Feb. 14 (Bloomberg) -- The tie-up of AMR Corp.’s American Airlines and US Airways Group Inc. will create a carrier with more trans-Atlantic routes, a broader network along the U.S. East Coast and the biggest frequent-flier program.
Together they will have more than 6,700 daily flights to 336 destinations in 56 countries, the companies said today in a joint statement. They flew 188 million passengers last year.
American will regain its status as the world’s largest carrier, after sliding to No. 3 in the U.S. as United Airlines and Delta Air Lines Inc. used mergers to vault to the top of the global rankings. Broader networks help airlines compete for business-travel contracts.

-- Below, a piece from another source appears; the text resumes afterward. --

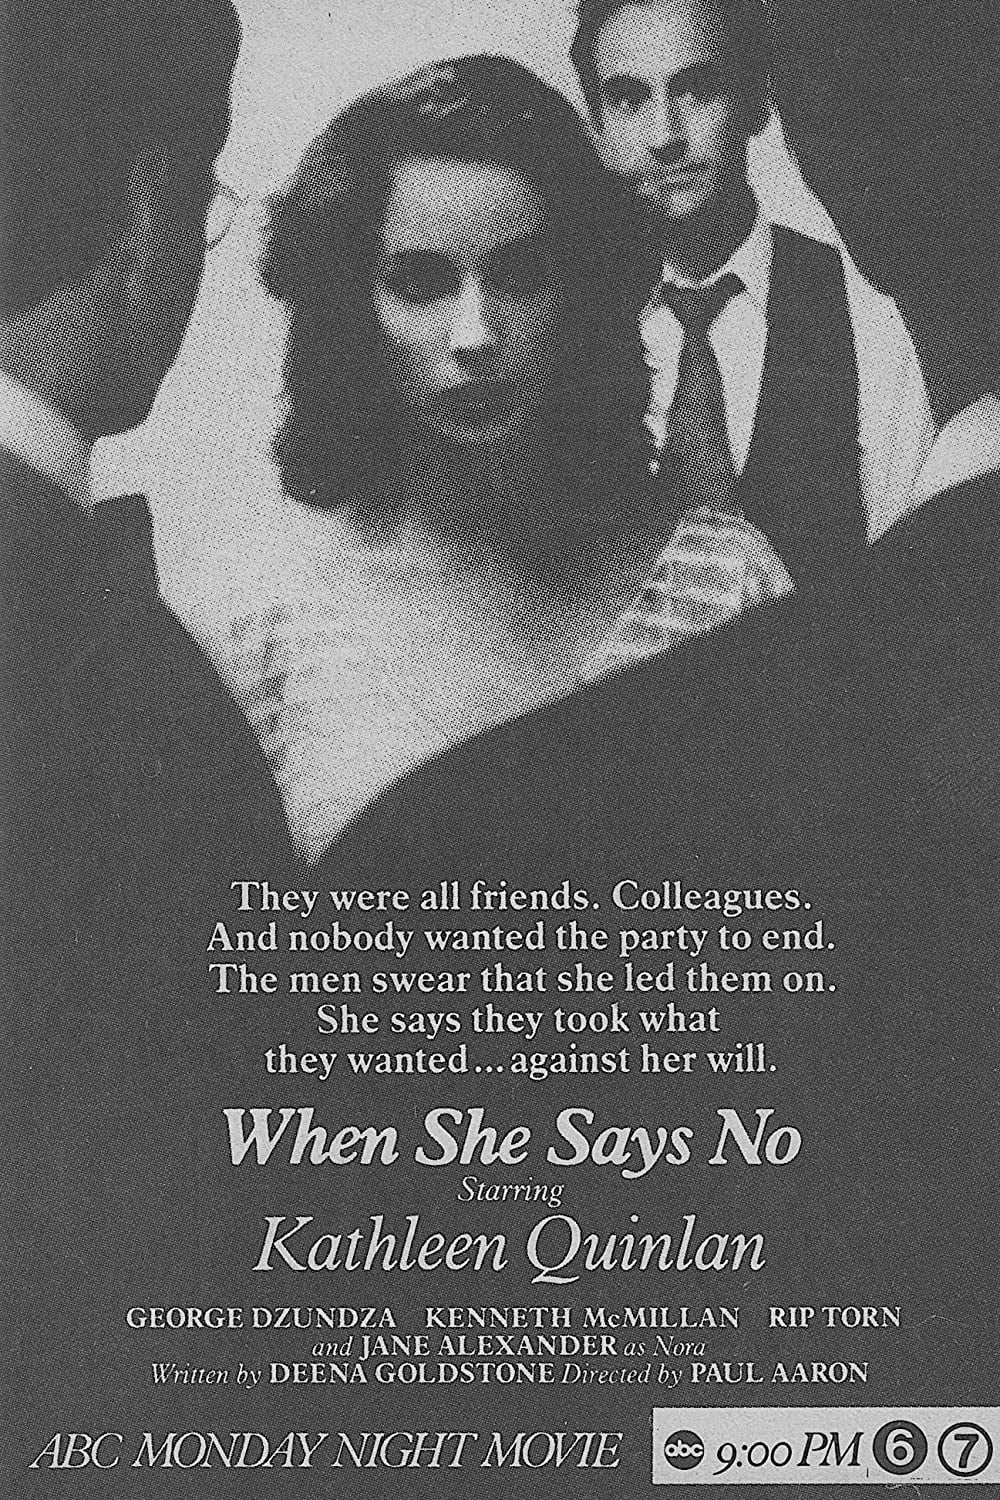 When She Says No (1984)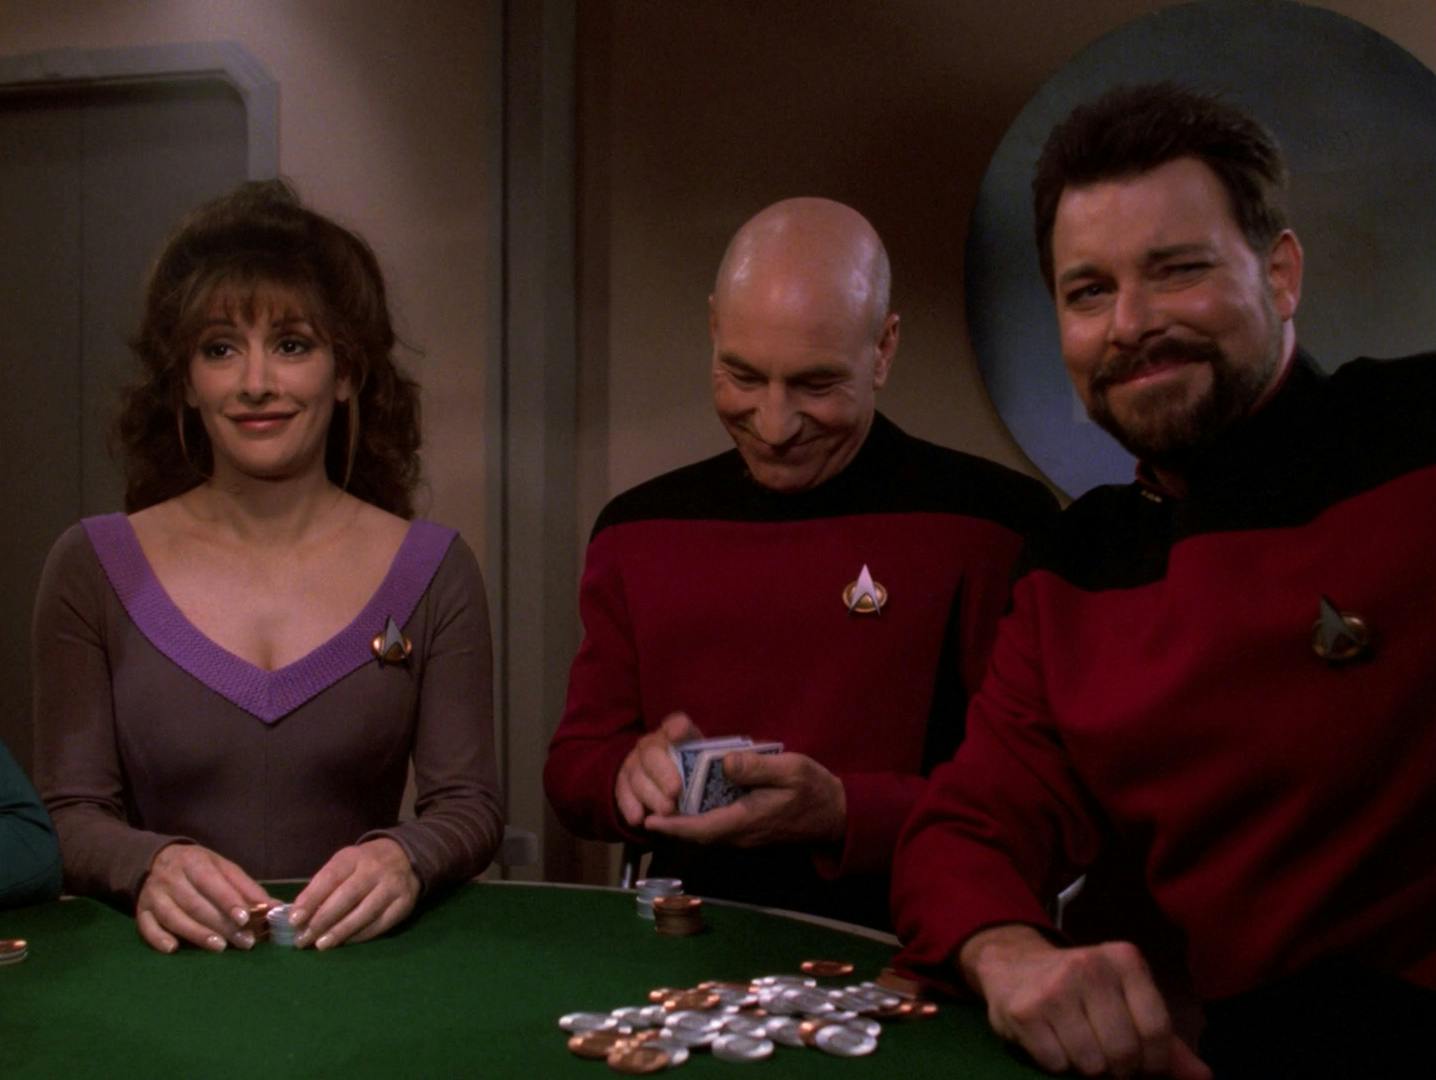 Picard joins his first crew poker game, shuffling the deck as he smiles to himself, as Deanna Troi and Riker look at the others at the table in 'All Good Things...'

“Size does matter when you’re going for the most lucrative parts of the business,” said Dan McKone, a partner at L.E.K. Consulting in Boston. “The attraction here is the merger is going to help them reclaim that leadership position they lost.”
The combined company probably will trim some redundant flights on routes where they both compete in addition to shaving capacity when they mesh schedules, giving them more power to raise fares for certain trips, McKone said.
American’s AAdvantage frequent-flier program and US Airways’ Dividend Miles won’t have any immediate changes and passengers can accrue and redeem points as they do now, according to the companies.
The combined American-US Airways plan would have about 101 million members, before accounting for any overlapping participants, the companies said. United’s plan has about 90 million members and Delta’s has 74 million.
US Airways’ hubs include Philadelphia, the sixth-most populous U.S. metropolitan area, and Charlotte, North Carolina, the home of Bank of America Corp. The carrier also has a base for domestic flights at Ronald Reagan Washington National Airport, plus overseas service to cities such as Paris and London.
Those routes would complement American flights from hubs in its hometown of Dallas-Fort Worth, plus Chicago O’Hare, Miami, New York and Los Angeles.
“US Airways will be bringing feed from smaller second-tier cities to the alpha hubs,” said L.E.K. Consulting’s McKone.
Combining the flights of both carriers would give the merged company a wider network in the U.S. and funnel passengers onto American’s flights to Latin America, Europe and Asia.
US Airways doesn’t fly to Asia on its own, instead booking passengers on partners such as Singapore Airlines for flights between Honolulu and Tokyo. Elsewhere, it would add destinations that American doesn’t serve with its own jets, such as Tel Aviv and Munich.
American and partner British Airways already dominate travel between the U.S. and U.K. through a joint venture that has antitrust immunity, meaning they can collaborate on fares and schedules and act as one entity.
“American has built a very strong franchise to Latin America and Europe, and US Airways brings a lot to the table along the East Coast,” said Ray Neidl, an independent aviation analyst based in Connecticut.
Most of the traffic, or miles flown by paying passengers, that US Airways adds will be domestic, which typically isn’t as profitable as overseas itineraries. The airline relied on domestic flying for 75 percent of its traffic in 2012, compared with 60 percent for American.
The merger also means US Airways will need to leave the Star Alliance marketing group anchored by United, in favor of American’s Oneworld, whose members include British Airways parent International Consolidated Airlines Group SA. Star is the biggest alliance, followed by Delta’s SkyTeam and Oneworld.
American held the top spot in global traffic until Delta acquired Northwest Airlines in 2008. United grabbed the lead in 2010 when predecessors UAL Corp. and Continental Airlines Inc. merged to form the carrier’s parent company, United Continental Holdings Inc.
Southwest Airlines Co., which bought AirTran Holdings Inc. in 2011, will remain in the No. 4 spot in the U.S. industry, followed by JetBlue Airways Corp.
Southwest is the top discount carrier, while JetBlue’s network is based on so-called point-to-point flying rather than hubs that collect passengers from small airports. Those business models dim the prospects for a tie-up with a larger carrier.
“This is probably the last big merger we’ll see domestically,” Neidl said.